下手でも心を込めて書いた文字とそうでない文字は一目瞭然です。「心を込めている」と感じる文字の書き方としては、小さすぎず、罫線からはみ出ず、一文字ずつ画数を数えながら書いていくのがコツです。

そして、字が下手でも必ず自分が書くようにしましょう。当然のことですが、誰かに代筆を頼んではいけません。これは虚偽になりかねません。

最近では電子カルテを導入する病院が増えています。そのため、実際の看護の仕事で手書きを必要とする場面は少なく、採用者側も字の上手い下手で採用を判断するわけではありません。そうではなく、字を丁寧に書くかどうかのほうが大切です。

使いまわしをしない

複数の病院に履歴書を提出するとしても、必ず一病院につき一つずつ履歴書を書くことが大切です。
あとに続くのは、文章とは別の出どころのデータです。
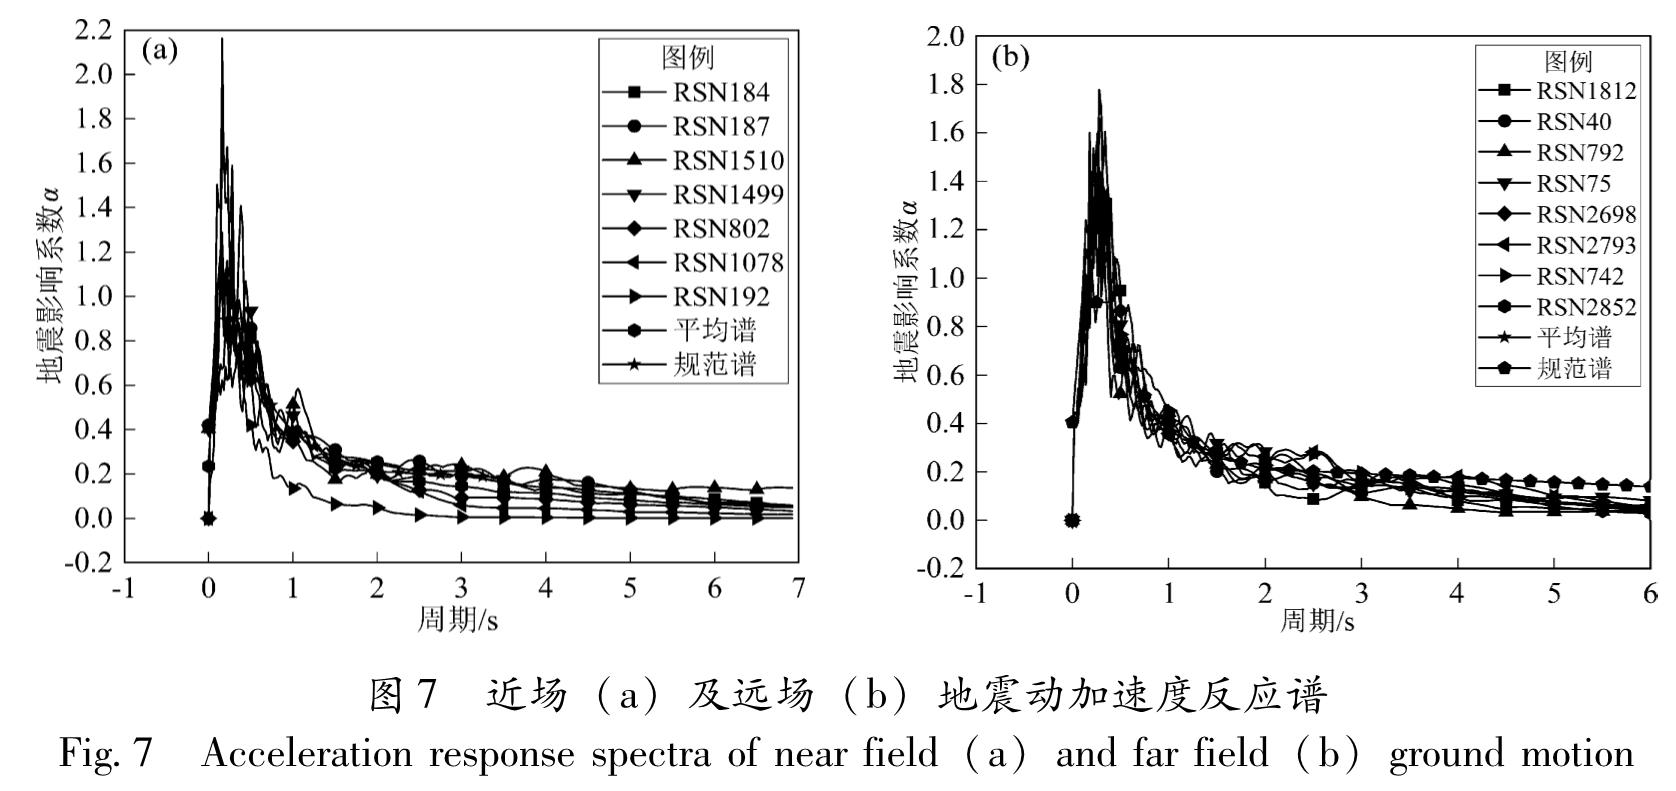 图7 近场(a)及远场(b)地震动加速度反应谱<br/>Fig.7 Acceleration response spectra of near field(a)and far field(b)ground motion

履歴書は基本データで丁寧に書いてあるとしても、志望理由や自己PRがその病院に合わないものであれば、求人を出している採用者側に履歴書を使いまわしていることを見抜かれてしまう可能性が高くなってしまいます

それでは採用する病院に良い印象を与えません。「履歴書は一病院につき一枚」という原則を守ることが大切です。

転職会社を利用する

もし履歴書作成に自信がない場合は、看護師転職会社を活用することを検討してみましょう。一度下書きした履歴書をコンサルタントに確認してもらうのです。

コンサルタントにアドバイスをもらうと、自分のことを客観的に見ることができ、スムーズに履歴書を書き進められます。

さらに履歴書とともに、コンサルタントが希望先の病院にあなたの「推薦コメント」を添えて、紹介先の病院に「あなた」という人間を売り込みます。このときのコメントは履歴書とともに選考結果に大きな影響を与えます。

もし、転職活動をしていて立ち往生したり、独りで不安なことがあったりしたら、転職会社のコンサルタントとともに転職活動を行うこともできるので覚えておくとよいでしょう。


看護師転職での失敗を避け、理想の求人を探すには

求人を探すとき、看護師の多くが転職サイト(転職エージェント)を活用します。自分一人では頑張っても1~2社へのアプローチであり、さらに労働条件や年収の交渉までしなければいけません。

一方で専門のコンサルタントに頼めば、100社ほどの求人から最適の条件を選択できます。このとき、病院やクリニック、その他企業との年収・労働条件の交渉まですべて行ってくれます。

ただ、転職サイトによって「対応エリア(応募地域)」「取り扱う仕事内容」「非常勤(パート)まで対応しているか」など、それぞれ違いがあります。

これらを理解したうえで専門のコンサルタントを活用するようにしましょう。以下のページでは転職サイトの特徴を解説しているため、それぞれの転職サイトの違いを学ぶことで、転職での失敗を防ぐことができます。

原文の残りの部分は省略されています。